Another artist that popped up was “A Taste of Honey”. These girls rock. There were guys in the band but the ladies with the instruments were the stars. They sang one of my favorite ballads to date: “Sukiyaki”. A Taste of Honey- Sukiyaki(1980)
**”Sukiyaki” was a ballad first sang by a Japanese artist, Kyu Sakamoto, who sadly died in a passenger airline jet disaster in Japan. “Sukiyaki” wasn’t the original title to this song and this song was mainly sang in Japanese; but “A Taste Of Honey” made this song their own by recording their own twist to it. This English version is not even the translation to the Japanese version. The music alone was adapted. This song brought back memories of my younger years. Another hit by this group that I like was “Boogie Oogie Oogie” the base rift was “off the chain” This was in the Disco era as well.
**For the record: The title of the song was changed from “Ue o Muite Arukou” (I will look up as I walk) to “Sukiyaki” since Sukiyaki was more recognizable to English speakers. Sukiyaki is a Japanese dish and nothing to do with the song. One columnist wrote: ” The re-titling was like issuing “Moon River” in Japan under the title “Beef Stew“.
Other songs to mention: “Blue on Blue” by Bobby Vinton or The Gals & Pals, “A Penny for your Thoughts” by Tavares, *”One and One by Hall & Oates, “Dominique” by The Singing Nun, “Ma Baker” by Boney M, “Always & Forever” by Heat Wave, “Those Oldies But Goodies”(Remind Me Of You) by Little Caesar & The Romans and many more. These songs trigger off some memories of my younger years. Some I can remember doing specific things in that time and place. Some, not at all.
**Thanks to YouTube for great content
**Ironically, two weeks ago, there was a free Japanese concert in the park in New York City Bryant Park. Music was great. The instruments used were Japanese work of art. So glad that I was there to learn a little more of Japan’s art and culture.
*I met John Oates from Hall & Oates a few years ago when he came to my place of employment. He was going to Billboard Magazine which was inside the building.
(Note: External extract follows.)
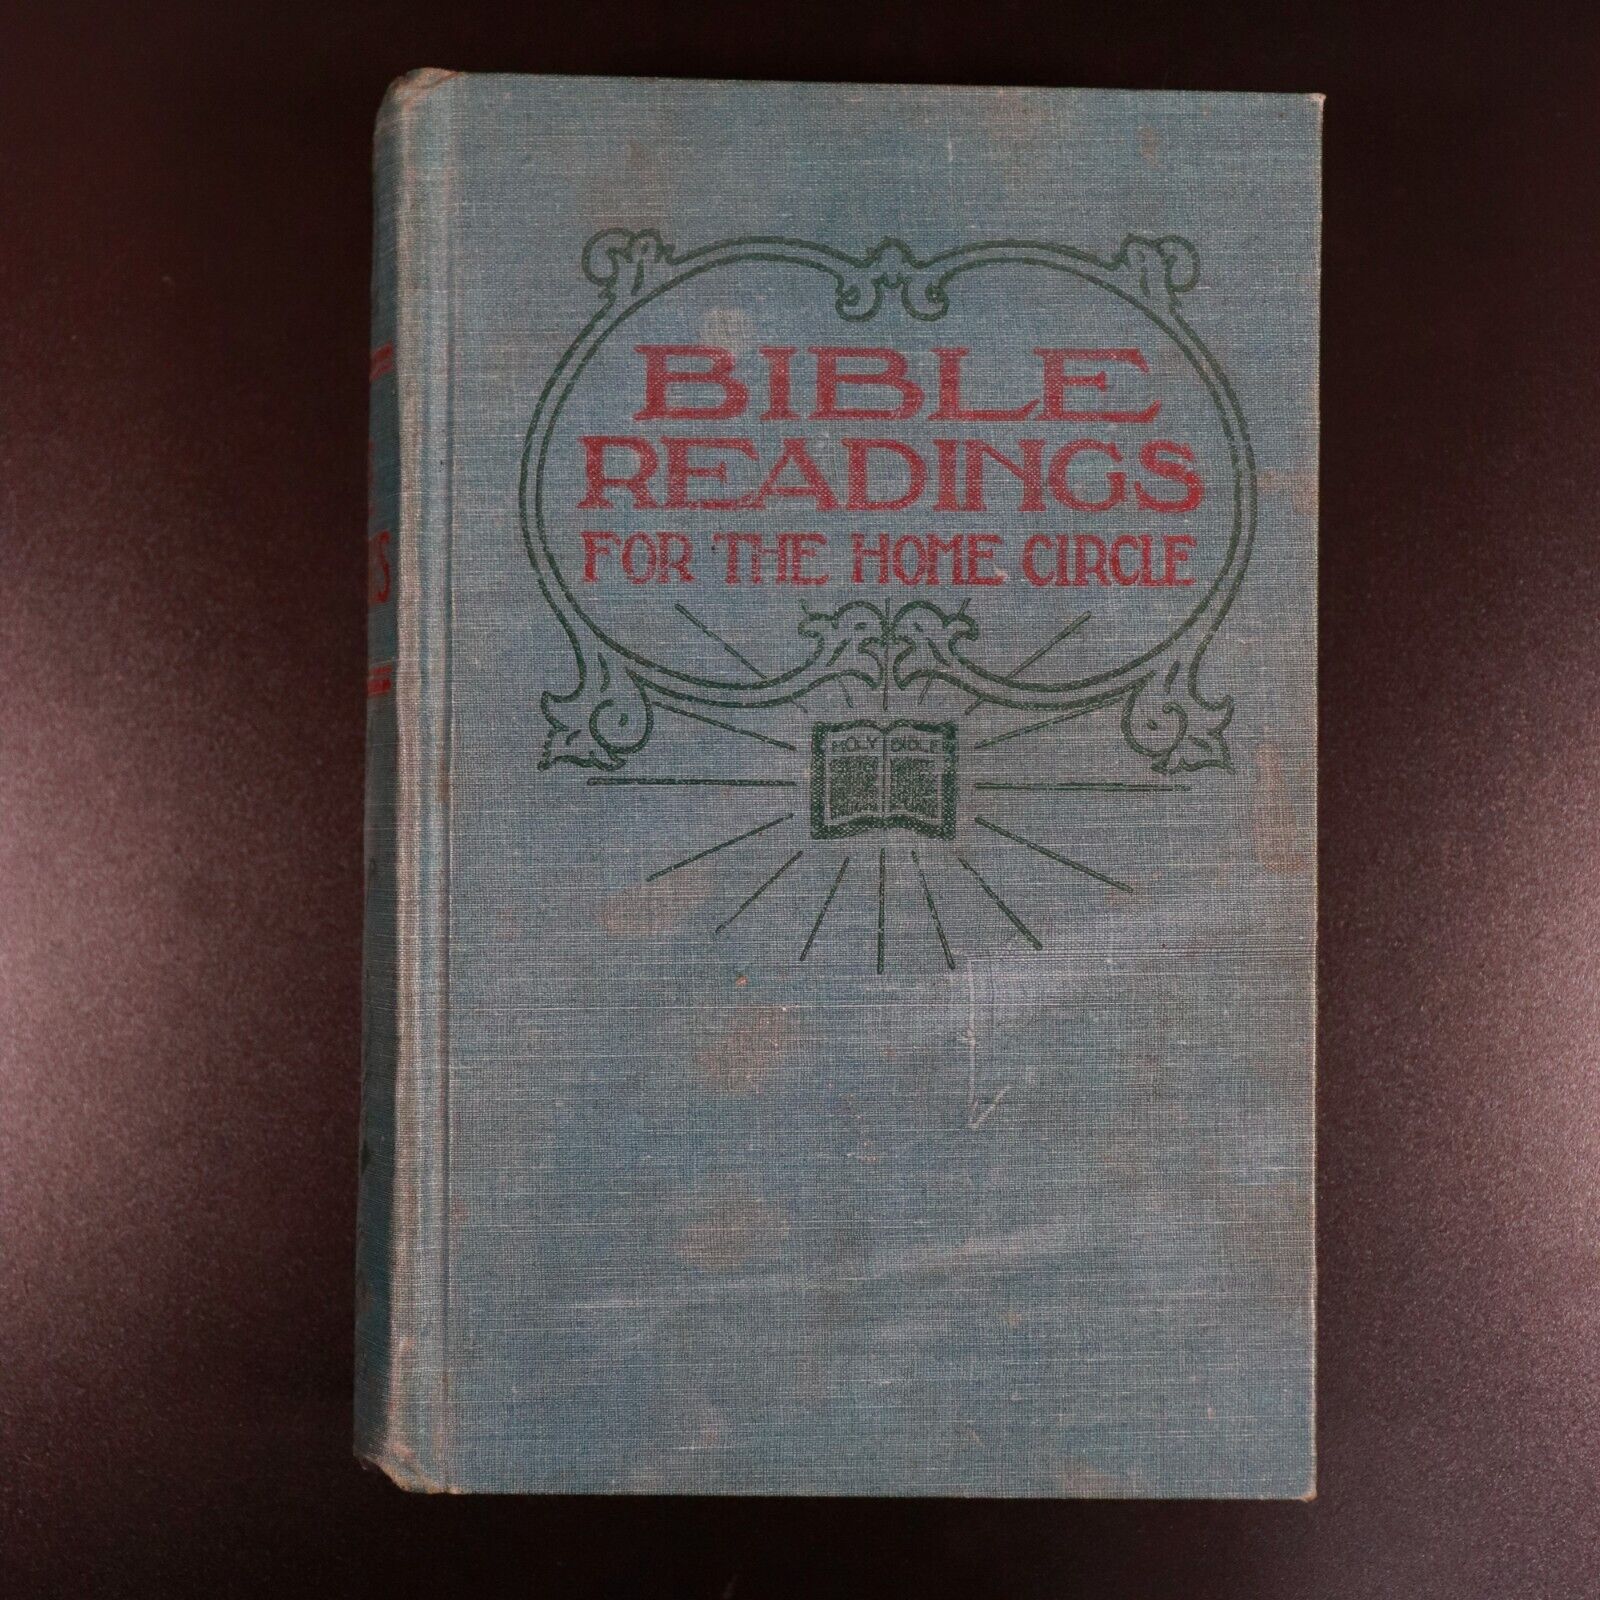 1915 Bible Readings For The Home Circle - Antique Religious Book Christianity

I said, “Hey, you are John Oates”. He replied, “Indeed I am”. “I love your music”. “Thanks” he said. Don’t remember if we bumped fist or shook hands but that was that.
It is common to see the classics in commercials these days. I even heard a very old reggae in a commercial here in the US. It’s not even reggae but the earlier version before that. What’s that, Ska I believe. I’m born in Jamaica when Ska was about fading out and Reggae was on the rise. Ska triggers a memory that is unusually special to me. Ska was the foundation to the rise of great Reggae music.
It is so easy to hear the classics. Thanks to radio and television, retail stores, singing and dancing people in stores, people who’s earphones are too loud and the annoying trend where people are walking the streets playing music on their mini portable wireless speakers. Nevertheless, all these can trigger a memory. Once the music is in my head….it’s over.
Give me a great film. Food from my youth. Places. You name it. Nothing brings back memories than the music I heard in my childhood years.